Bukenya also welcomed the move by Speaker Rebecca Kadaga tasking the Executive to bring electoral reforms early enough arguing that making amendments to electoral laws will help in the effective planning and implementation of the 2020/2021 strategic plan and election roadmap.

EC deputy spokesperson Paul Bukenya (FILE PHOTO)

The Commission mouthpiece said: “We welcome the debate and we will contribute towards that because we have also researched on that. If there are any amendments, they can be catered for. It is better to plan now than sit and wait and even speculate. It is very good in terms of preparation and it will also prompt stakeholders to take on their responsibilities.”

It should be recalled that on Wednesday, Kadaga has ordered the Minister of Justice and Constitutional Affairs, Kahinda Otaffire to provide a statement on when his Ministry intends to table the electoral reforms as had been highlighted in the 2016 election petition by former premier, Amama Mbabazi.

In her communication to the August House the Speaker said that for the last two sessions, she has been appealing to the Government to bring the necessary legislation so as to allow Parliament handle the reforms, but despite this, the Ministry of Justice has remained silent on the issue of electoral reforms.

The Speaker said: “No response has been given. Obviously, I think they expect as usual to stampede this House.
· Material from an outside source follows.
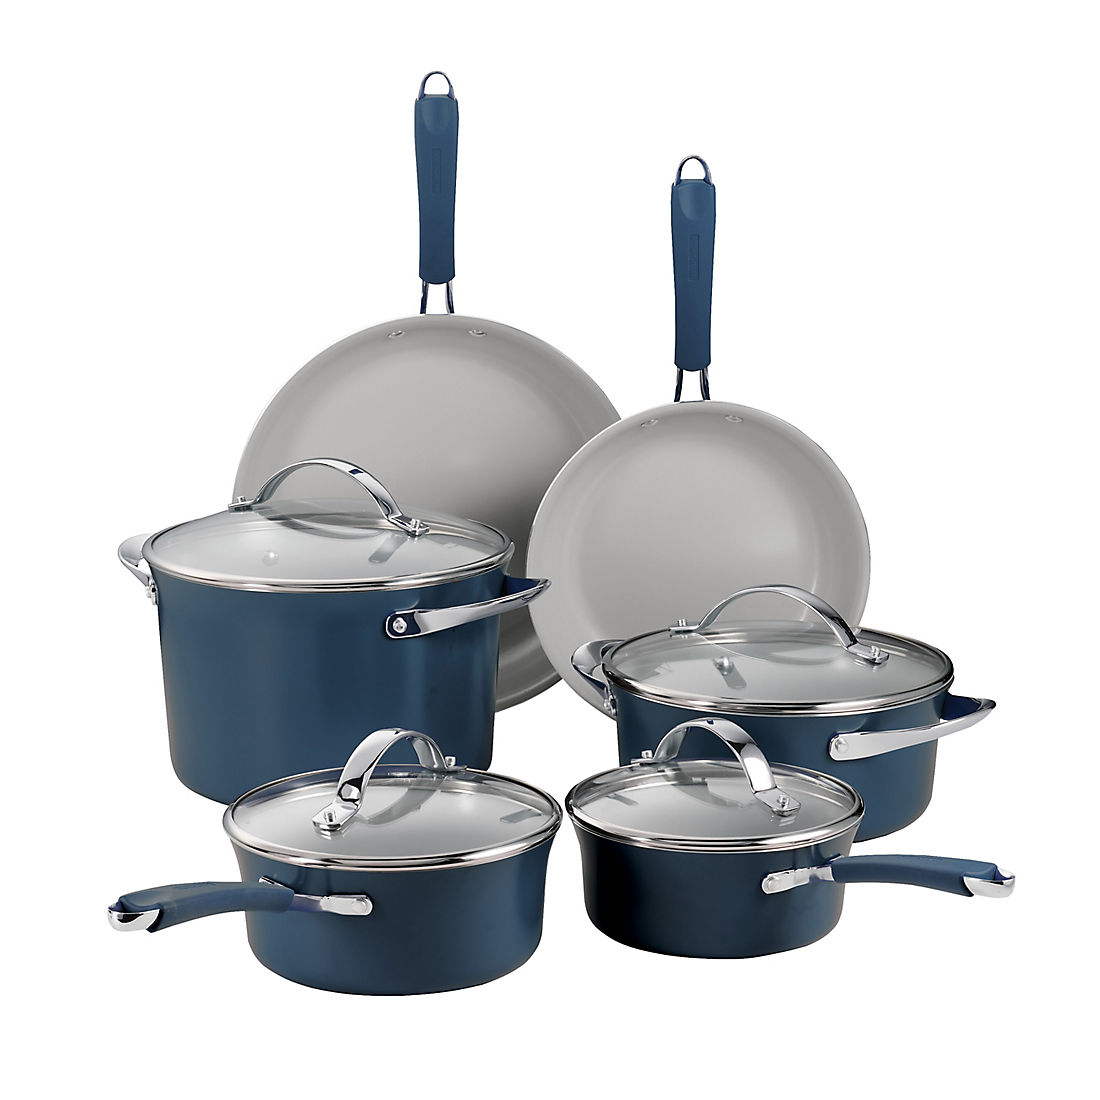 Tramontina Fiora 10-Piece Cold Forged Ceramic Nonstick Cookware
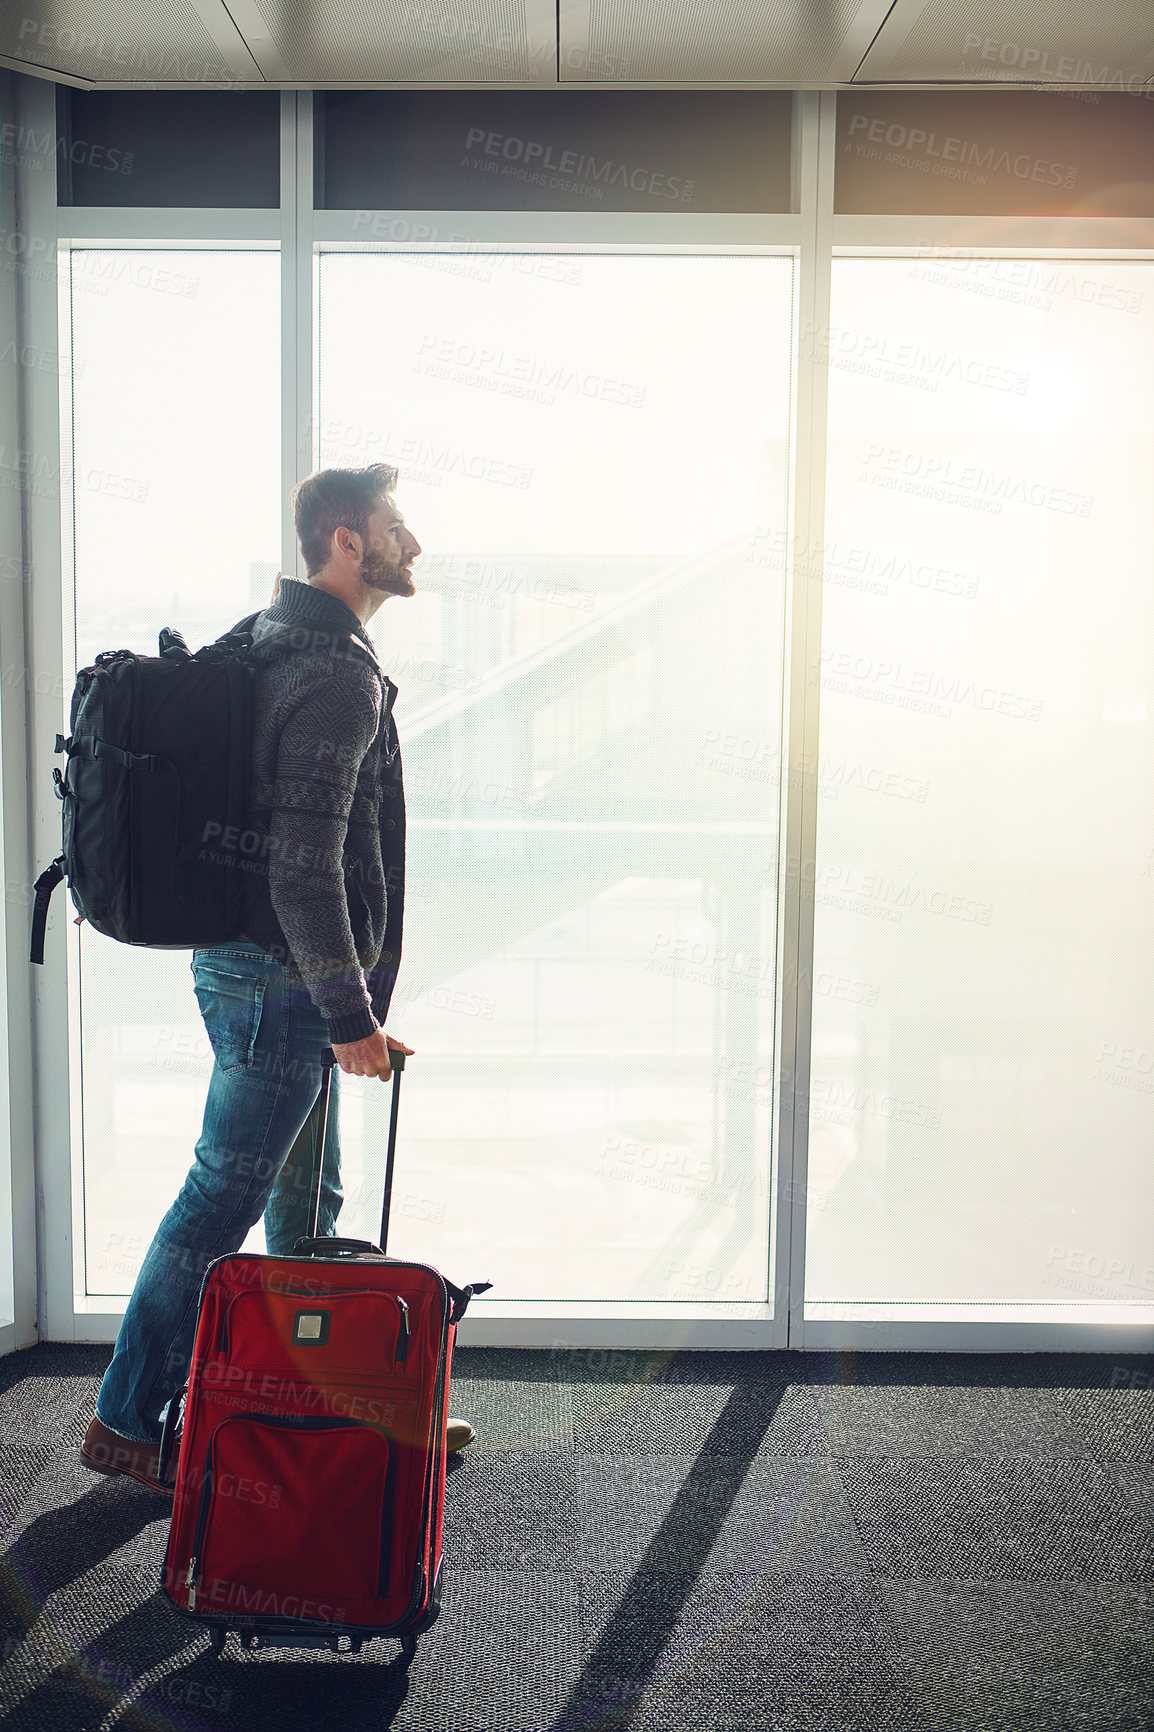 Buy stock photo Shot of a young man standing in an airport with luggage and looking at someone or something in front of him

Sometimes in that stampede, we may not make perfect laws but it shows that they don’t respect this House, so even when we say bring, they aren’t interested.”

She then called on the Vice President, Edward Ssekandi to lead the Government team saying there is need for the Executive to help the country by doing their part.

Kadaga said that the effects of the delays by the Executive have been pushed to Parliament because the public believes the Legislative body hasn’t acceded to the direction of the Supreme Court.

“They don’t know that it is the Government which was directed to do certain reforms so I have to keep answering the same question and one which isn’t asked is Government. So please do the needful. So I now direct the Minister of Justice and Constitutional Affairs to come here on Tuesday 22nd January 2019 and advice us about the process of electoral reforms so that we can work out our legislative program for the remaining period of the 10th Parliament,” Kadaga ordered.